Tuning the thermoelectric properties of SrTiO3 by controlled oxygen doping

TL;DR

This study demonstrates that controlled oxygen doping in SrTiO3 single crystals enhances thermoelectric performance by increasing electrical conductivity while maintaining a high Seebeck coefficient and reducing thermal conductivity.

Contribution

It introduces a method for tuning SrTiO3's thermoelectric properties through precise oxygen doping and vacancy control, supported by experimental and ab initio evidence.

Findings

Achieved electron doping of ~10^-5 carriers per unit cell via vacuum annealing.

Maintained large Seebeck coefficient despite increased electrical conductivity.
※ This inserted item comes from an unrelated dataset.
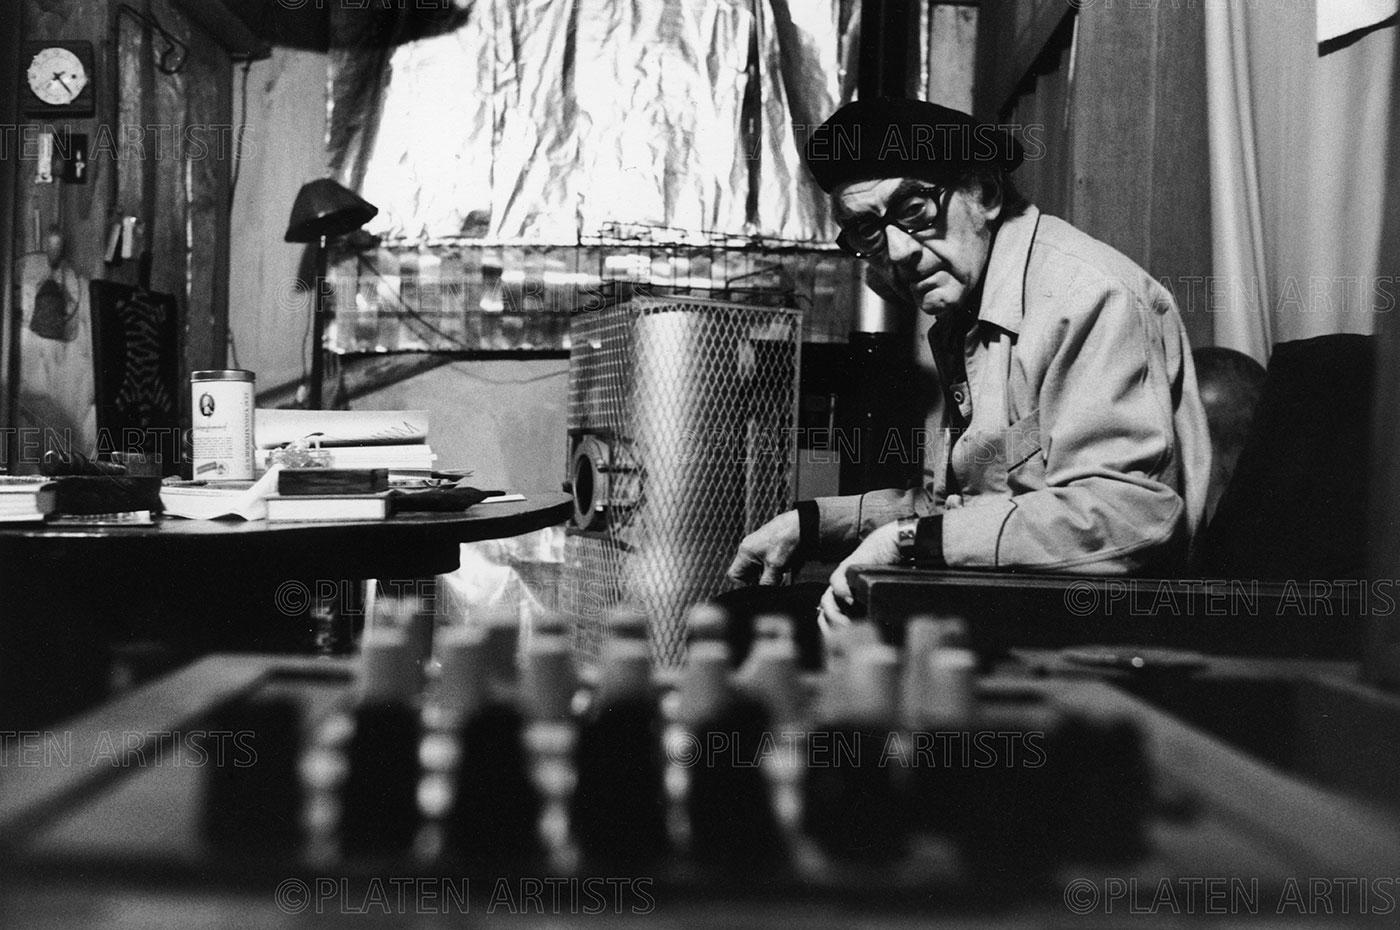 Man Ray, Guru hinter Schachbrett , Paris, 1974

Reduced thermal conductivity through vacancy disorder scattering.

Abstract

We report the thermoelectric properties (Seebeck coefficient, thermal conductivity, and electrical resistivity) of lightly doped single crystals of (001)-oriented SrTiO3 (STO). Hall effect measurements show that electron doping around 10^-5 carriers per unit cell can be achieved by vacuum annealing of the crystals under carefully controlled conditions. The steep density of states near the Fermi energy of STO at this doping level (confirmed by ab initio calculations) retains an unusually large Seebeck coefficient, in spite of an increase in the electronic conductivity by several orders of magnitude. This effect, combined with a decrease in thermal conductivity due to vacancy disorder scattering makes intrinsic doping in STO (and other materials) an alternative strategy to optimize its thermoelectric figure of merit.